Coupling kinetic and continuum using data-driven maximum entropy distribution
Mohsen Sadr, Qian Wang, M. Hossein Gorji

TL;DR
This paper introduces a data-driven approach using maximum entropy distributions to improve hybrid kinetic-continuum flow simulations, enabling better boundary conditions and switching criteria with promising accuracy and efficiency.
Contribution
The study develops a novel MED-based coupling framework employing GPs and ANNs for efficient distribution prediction and a Fisher information-based criterion for solver switching.
Findings
Accurate recovery of bi-modal densities using MED estimators
Successful integration of MED into DSMC-SPH hybrid simulations
Achieved good agreement with benchmark solutions and improved speed
Abstract
An important class of multi-scale flow scenarios deals with an interplay between kinetic and continuum phenomena. While hybrid solvers provide a natural way to cope with these settings, two issues restrict their performance. Foremost, the inverse problem implied by estimating distributions has to be addressed, to provide boundary conditions for the kinetic solver.

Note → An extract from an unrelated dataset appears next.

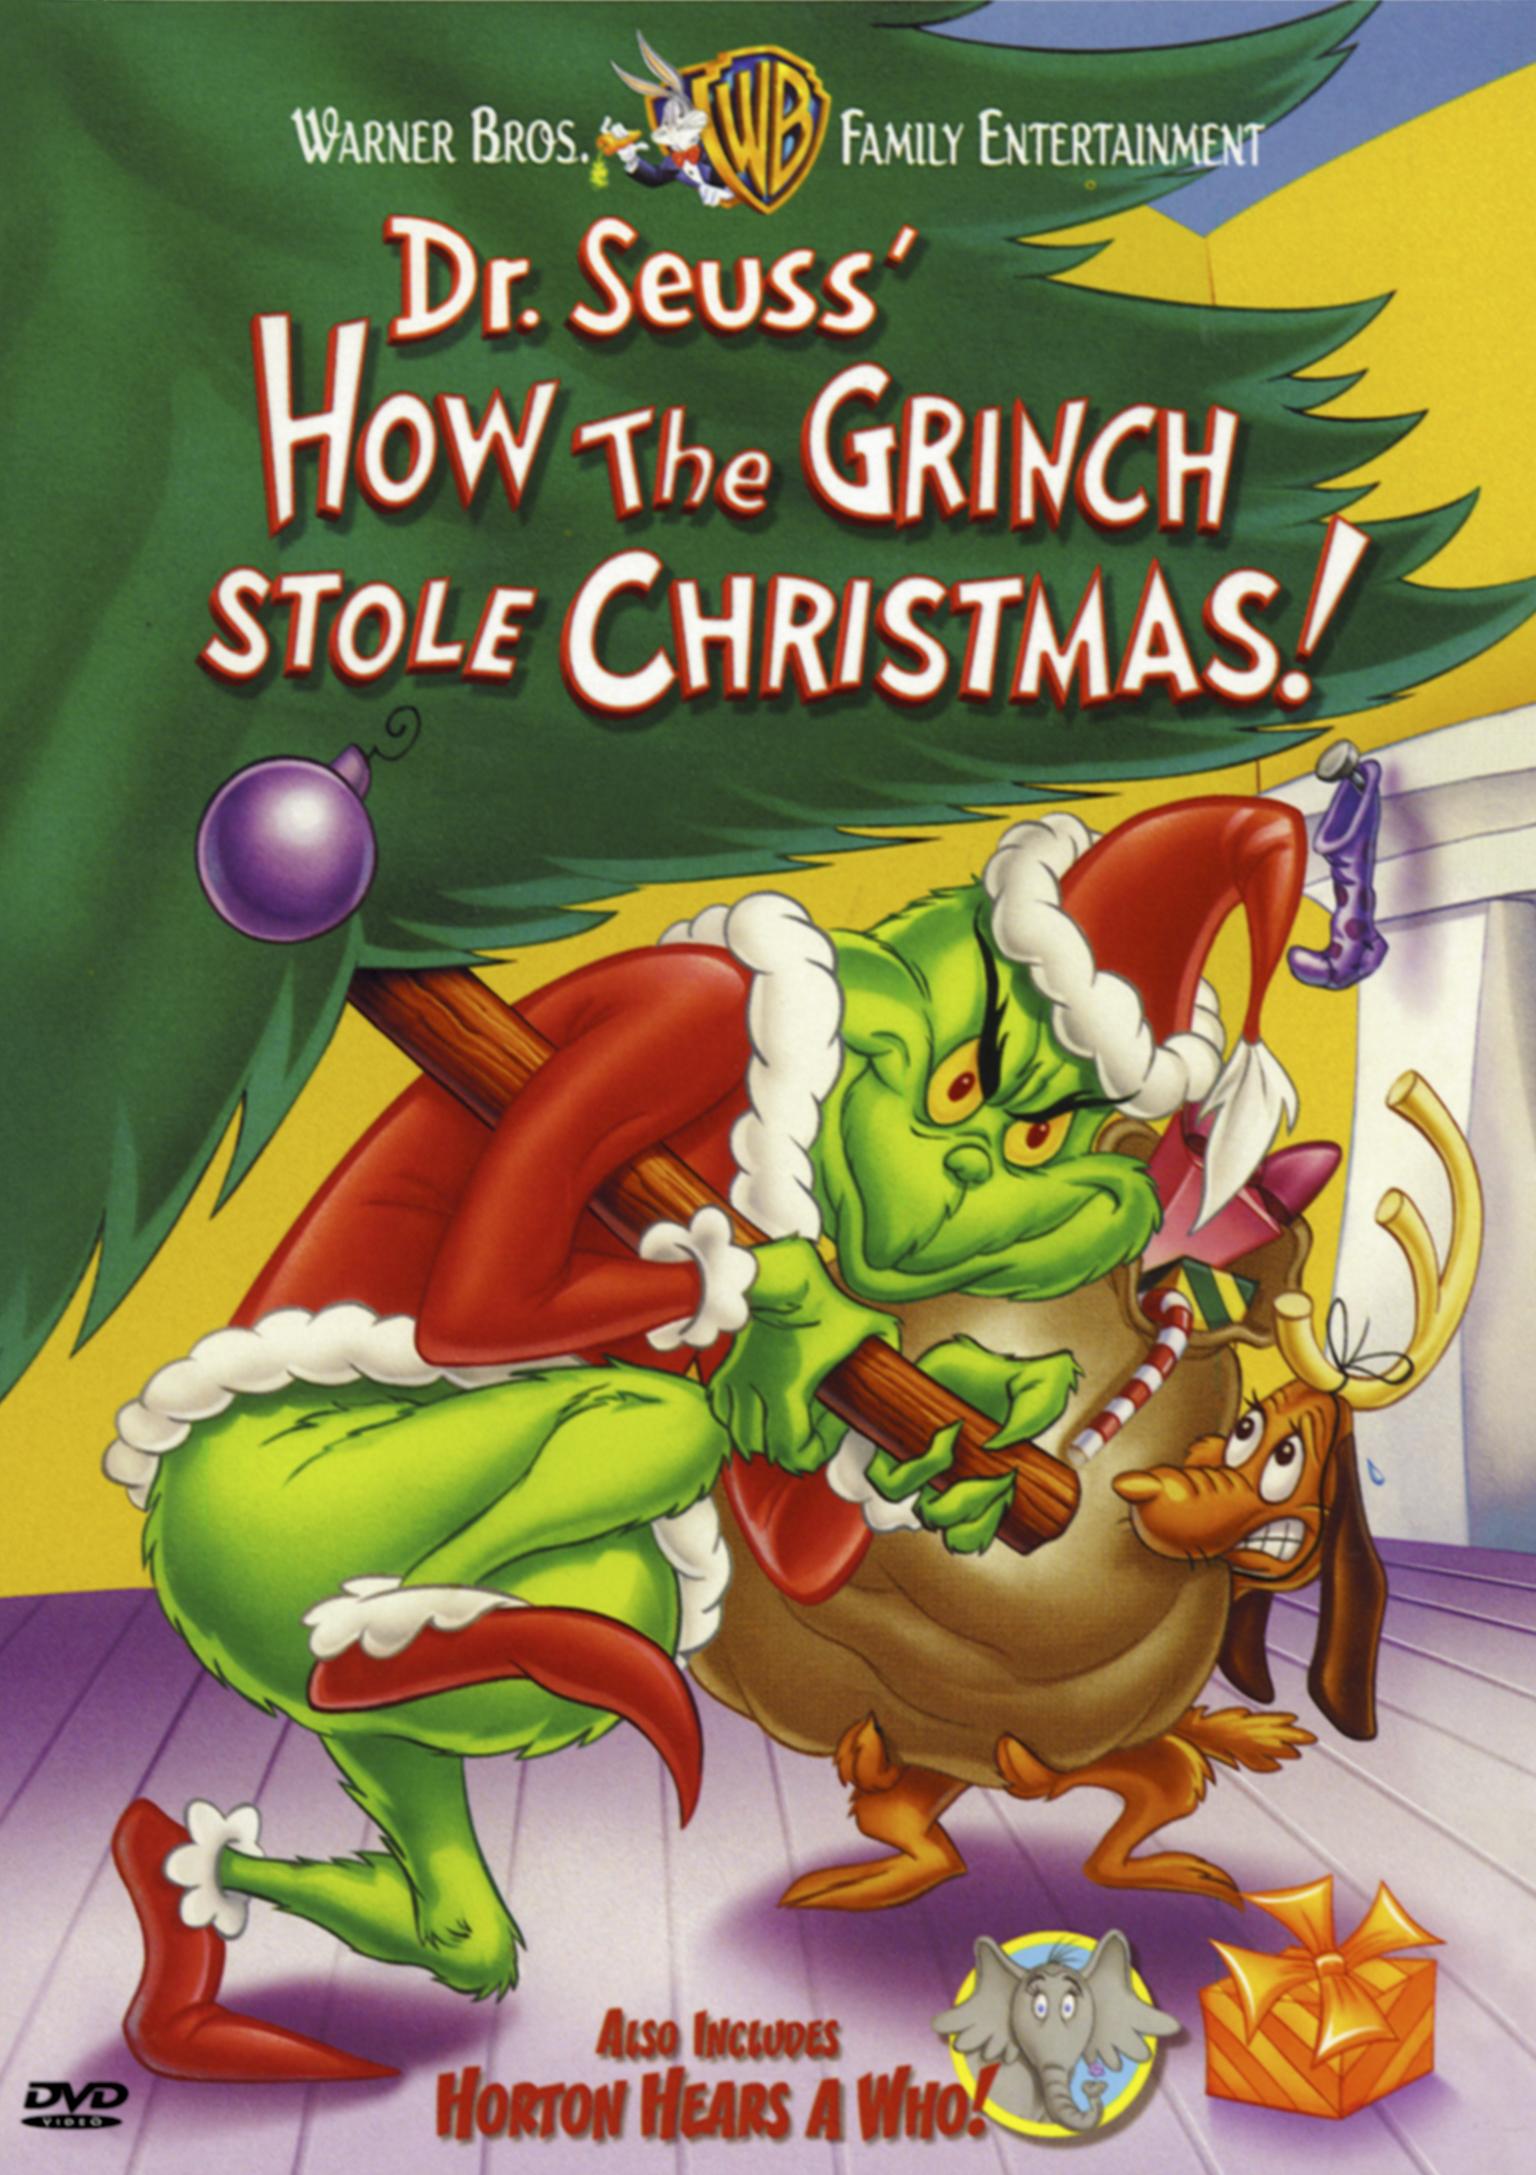 115How_The_Grinch_Stole_Christmas.jpg

The next issue comes from defining a robust yet accurate switching criterion between the two solvers. This study introduces a data-driven kinetic-continuum coupling, where the Maximum-Entropy-Distribution (MED) is employed to parametrize distributions arising from continuum field variables. Two regression methodologies of Gaussian-Processes (GPs) and Artificial-Neural-Networks (ANNs) are utilized to predict MEDs efficiently. Hence the MED estimates are employed to carry out the coupling, besides providing a switching…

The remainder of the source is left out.